# Just about got ran over...



## shorebound (Apr 26, 2008)

I was out looking for tree rats this morning. I was taking it nice and easy getting where I wanted to go and this doe jumped out of a bed at no more then 5yards in front of me.. She turned my way took one very large lounge finally figured out what I was put the breaks on slid in the mud almost taking me out turns around and took off. Im not sure who was more scared her or me. After I got my self gathered back up I took four more steps and another one popes out of the brush. I am still amazed that I was able to get that close to them. But I did manage to see one grey before he hit the ground and then he pulled the hodinnie vanishing act and I didn't get a shot. I well made for an interesting morning


_OutdoorHub Mobile, the information engine of the outdoors._


----------



## sherman51 (Apr 12, 2011)

i had something kinda like that happen to me a few years back. it was bucks only, and i was walking out of the woods and was just looking down, i raised my head up and here was this doe walking down the trail i was on. she seen me about the same time i seen her, she wasnt 10 ft from me it scared the crap out of both of us,LOL.
sherman


----------



## fshnteachr (Jun 9, 2007)

I had a similiar encounter while squirrel hunting. I was sitting at the base of a tree and heard something approaching. I peeked around the tree and I SWEAR I saw a another hunter coming my way. As it got really close, about 10 yards, I stood up so as this guy wouldn't shoot me.

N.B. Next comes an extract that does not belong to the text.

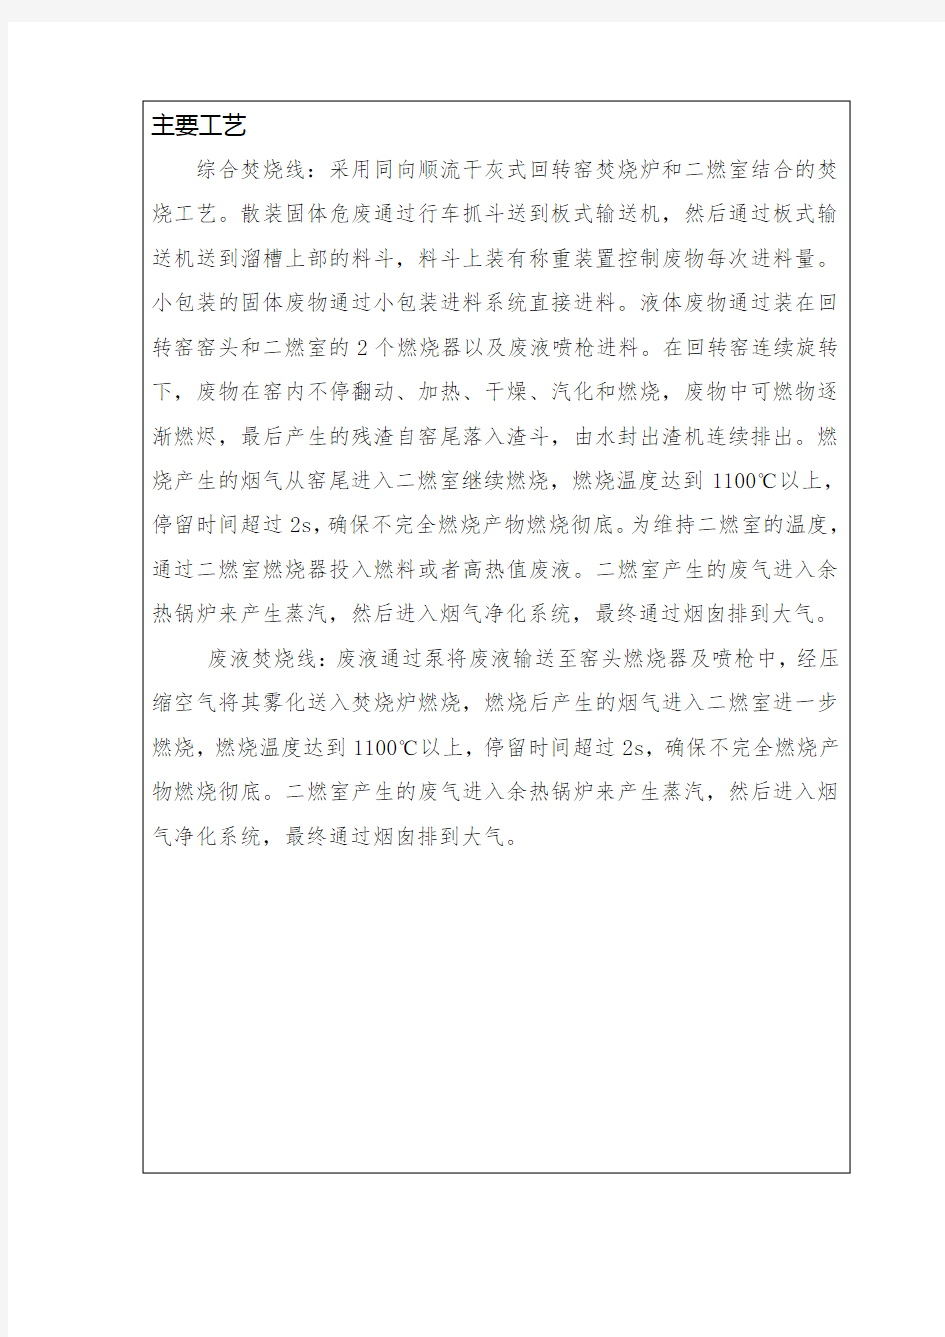 南京威立雅同骏环境服务有限公司申领《危险废物经营许可证》受理公示

It was a buck!! Right there face to face at 10 yards. Snorted and took off the other direction. It was freaky all around. I swore I saw a hunter approaching. It was a strange encounter.


----------



## ranger487 (Apr 5, 2005)

This year on opening day I didnt put up a tree stand just took my chair and got into a briar thicket well about 9:00 I heard something and by the time I could slowly turn around like a rabbit real low to the ground a doe goes by me at 3.5 feet by the time I pulled up all I seen was her butt and back so I didnt take the shot but it was cool.

Mark


----------



## Whaler (Nov 16, 2004)

Why don't you forget the squirrels and go deer hunting ?


----------



## walcat (Apr 11, 2004)

I had a deer walk up behind me and sniff my neck then snorted and ran. Scared the hell out of me!!! I shook for 30 minutes!!!!!!!


----------



## Lewzer (Apr 5, 2004)

> Why don't you forget the squirrels and go deer hunting ?


If he did that he wouldn't see any deer, just a bunch of squirrels.


----------



## shorebound (Apr 26, 2008)

Well I got a buck in gun and would like to get a doe with my bow but the property I was hunting has a tree rat population that is about equal to the population of humans in mainhatin. And enjoy bothering you while you are hunting for deer so I was going to clear some out of the area my stand is in. You are so right about going deer hunting and only seeing squirrels lol. But I should just start taking the bow for tree rats I have gotten 2 while in my stand so it's doable.


_OutdoorHub Mobile, the information engine of the outdoors._


----------